The $720 million being slashed from just 15 safety net hospital systems is 45 percent of the total $1.8 billion in program cuts that the Senate is leveling on all 200 hospitals in the state. The Senate proposal also fails to provide $235 million to the state's hospitals for projected inflation increases through a Medicaid reimbursement rate freeze.
The combination of the 10 percent Medicaid reimbursement cut, along with the dramatic reductions of hospital services under the Medically Needy program and elimination of the Medicaid for the Aged and Disabled program, amounts to an effective 35 percent reimbursement cut on the safety net hospital systems.
"Hospitals are one of Florida's leading economic drivers, and to force hospitals to carry a disproportionate amount of cuts is totally unrealistic and will threaten the financial viability of some of the safety net hospitals," Carvalho said. "The Senate is, in effect, attempting to place an unrealistic portion of the $3.6 billion state budget deficit on the backs of all hospitals, and the state's teaching, public and children's hospitals will be hit the hardest."

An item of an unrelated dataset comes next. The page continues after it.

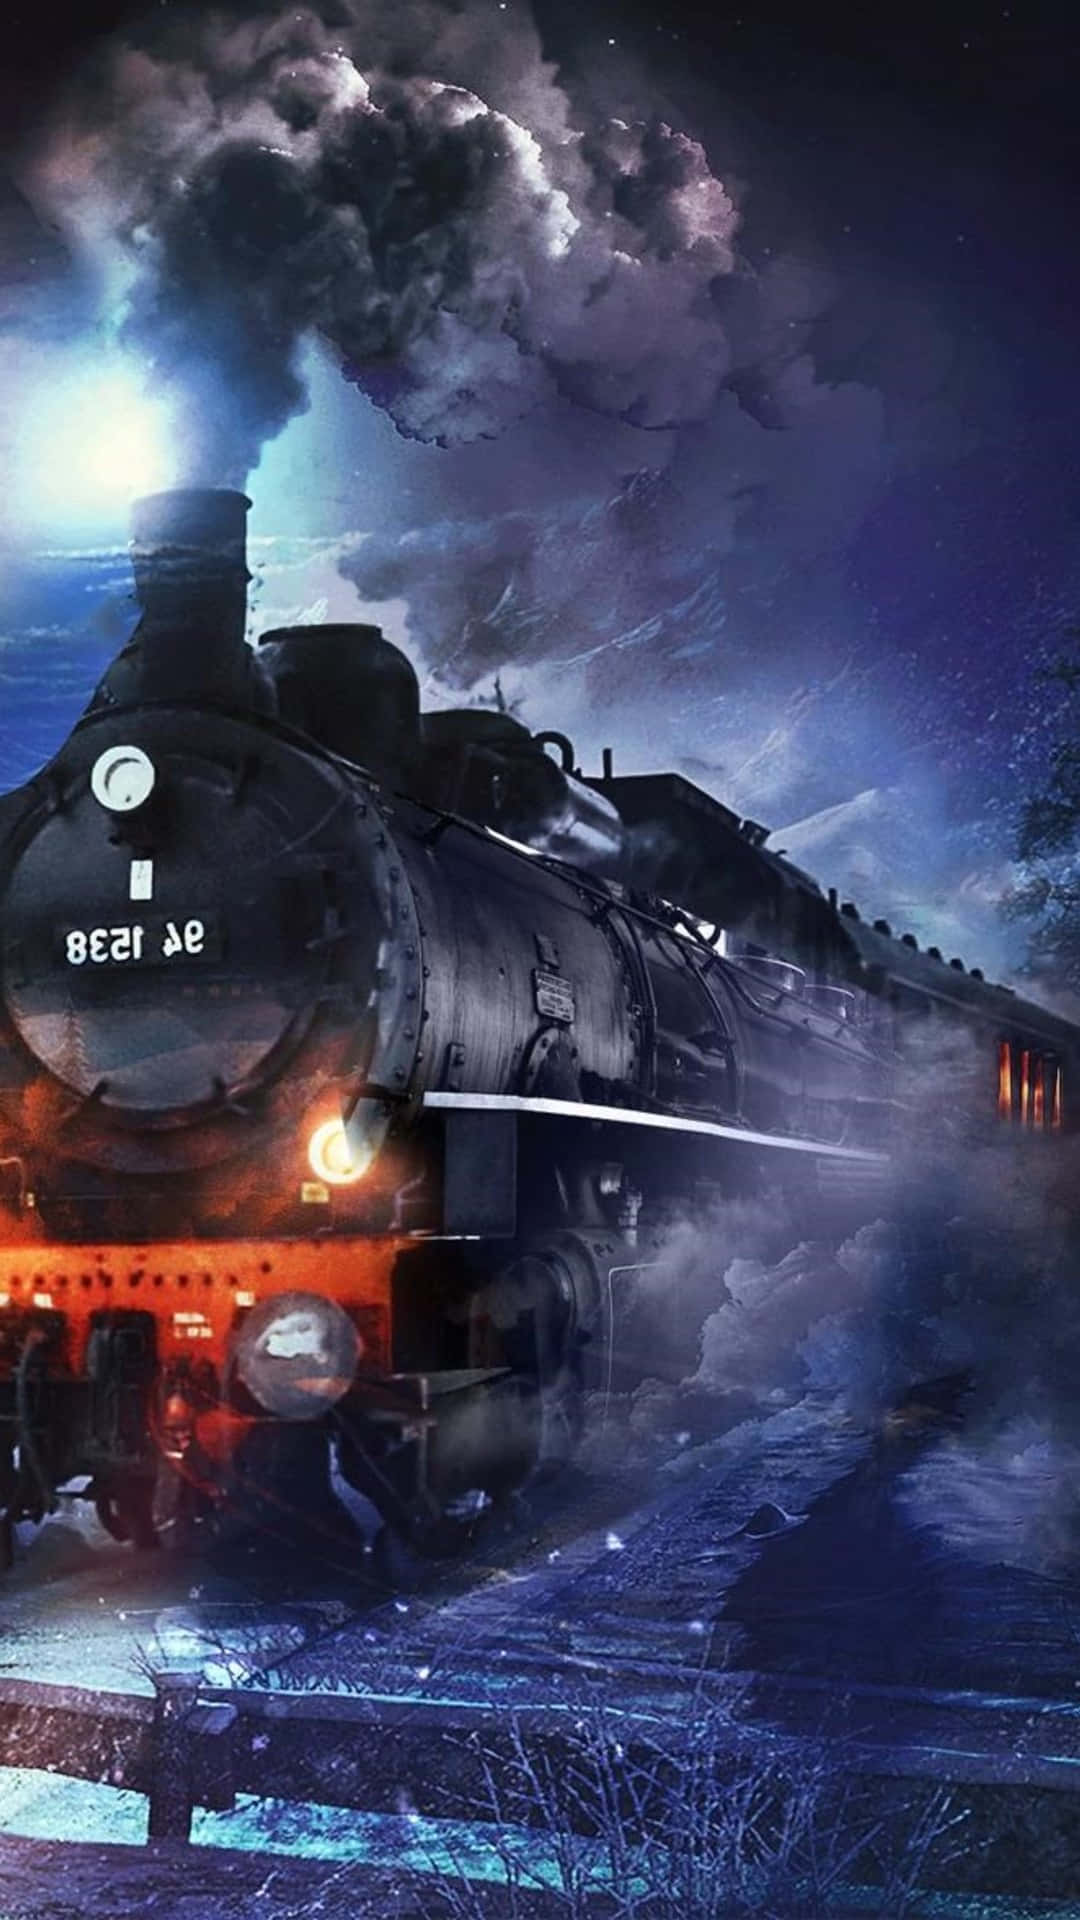 Hogwarts Express: The Magical Journey Begins Wallpaper

Each of the safety net hospitals is facing reimbursement cuts in the tens of millions. Projected cuts total $177.5 million at Jackson Health System; $75.6 million at Orlando Health; $73.2 million at Broward Health; $65.2 million at Tampa General Hospital; $63.4 million at Shands at the University of Florida; $62.7 million at Memorial Healthcare System; $60.5 million at Shands Jacksonville; $39.8 million at Lee Memorial Health System; $22 million at Halifax Health; $15.7 million at Miami Children's Hospital; $15.6 million at Sacred Heart Health System; $15.3 million at Sarasota Memorial Health System; $15.1 million at All Children's Hospital; $9.4 million at Bay Medical Center; and $9.1 million at Mount Sinai Medical Center.
The projected impact of the cuts on each of the 15 safety net hospital systems is varied and dramatic.

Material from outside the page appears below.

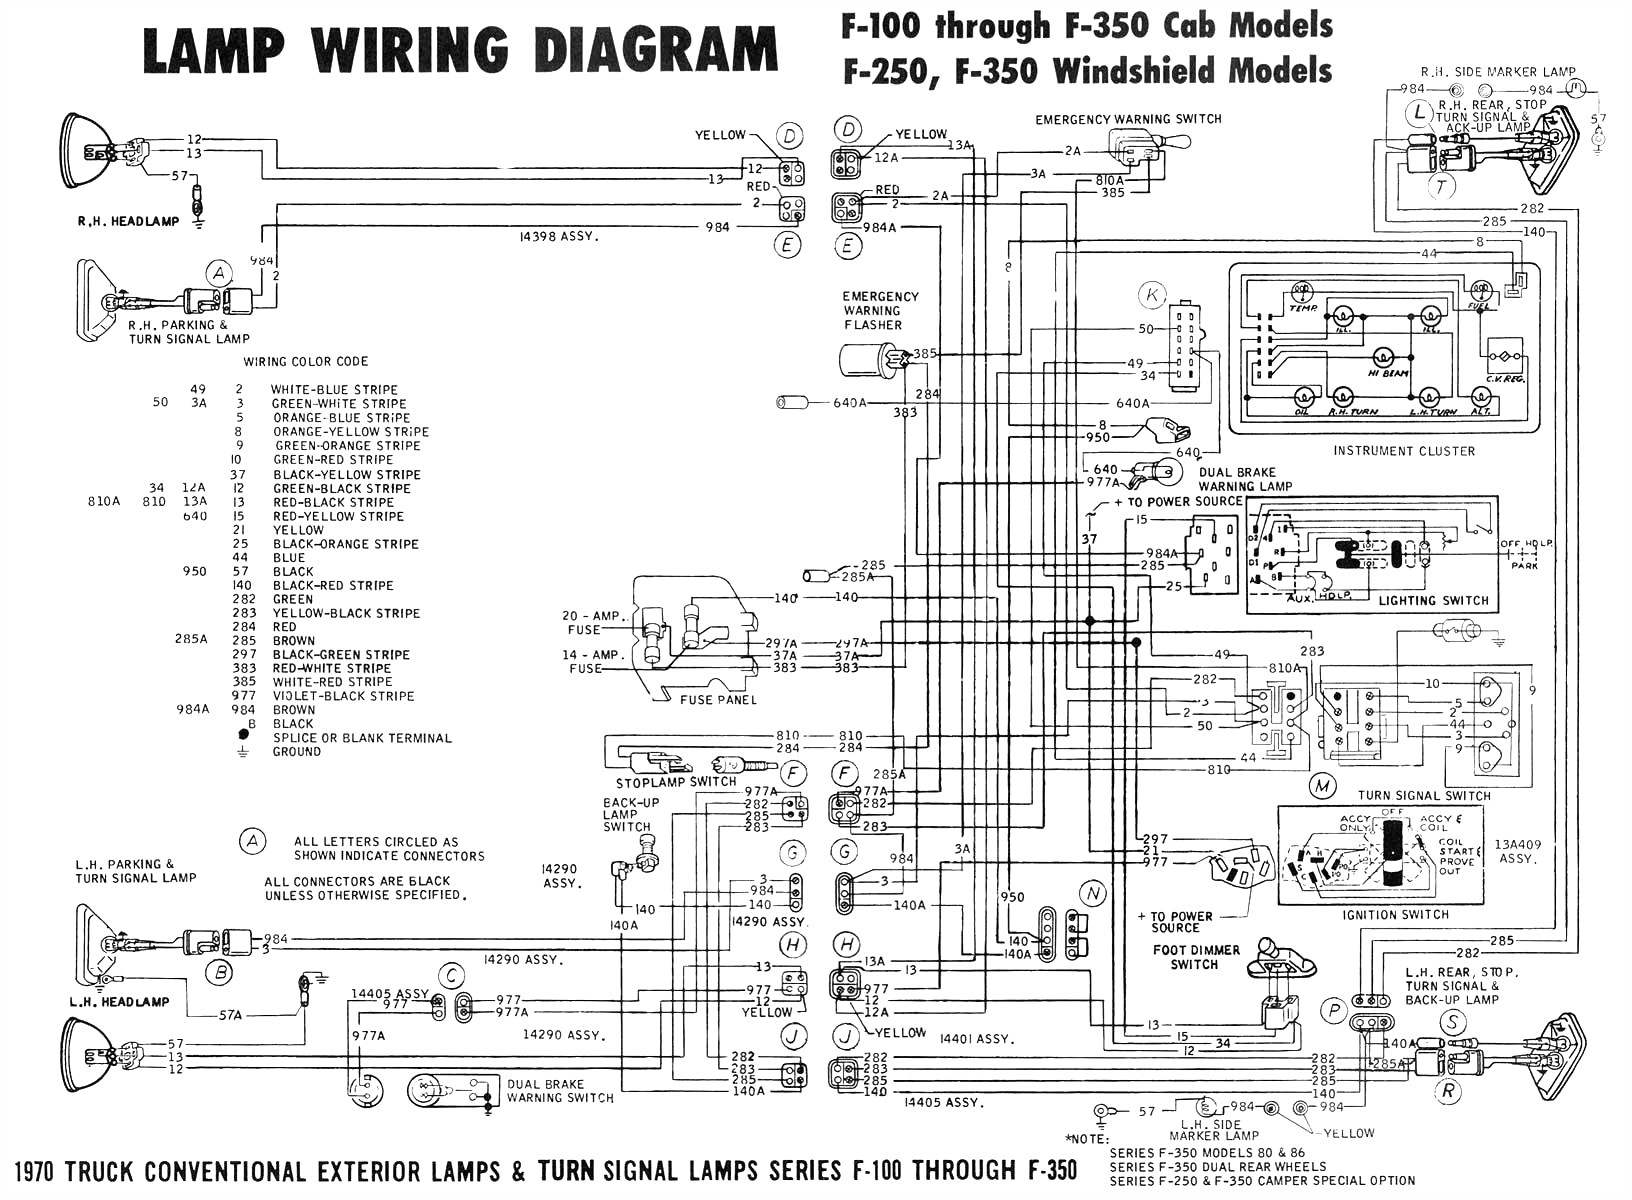 wiring diagram likewise wiring diagram furthermore porsche 914 wiring diagram likewise 1955 chevy rear end diagram moreover 1967 ford

For example, Jackson Health System in Miami, Florida's largest safety net provider, will see funding slashed $177.5 million under the Senate's proposal. Officials there say reductions that huge will impact Jackson's ability to continue delivering programs all across the continuum of care, ranging from children's services to long-term care.
Tampa General, one of Florida's largest teaching hospitals, is projected to lose $65.2 million under the Senate's proposal. Officials there said that cuts that large would "hamper the hospital's ability to maintain current funding levels for medical residents" and "result in a reduction of the workforce in an area that already has an unemployment rate greater than 12 percent."
Meanwhile, administrators at All Children's Hospital in St. Petersburg noted that 70 percent of the children they care for are on Medicaid — and many are receiving highly specialized services unavailable elsewhere. The Senate's proposed cut of $15.1 million would "threaten All Children's ability to serve the most vulnerable children in Florida," officials there said.
Safety net hospital officials urged Senate budget negotiators to consider an approach similar to the House's budget proposal. The House proposes to cut hospital Medicaid reimbursements by 7 percent, while maintaining hospital coverage in Medically Needy and preserving Medicaid for the Aged and Disabled — while also balancing the state budget. All told, the House would cut the safety net hospitals by $140 million, while the Senate would take $720 million in cuts — a difference of $580 million.
"Florida's safety net hospitals understand that legislative leaders face many heart-wrenching choices as they undergo the very difficult task of balancing the state budget," Carvalho said. "Safety net hospitals stand ready to work with the Florida Legislature to assume their fair share of rate cuts, but we can't eliminate critical health coverage that about a quarter of a million Floridians rely on."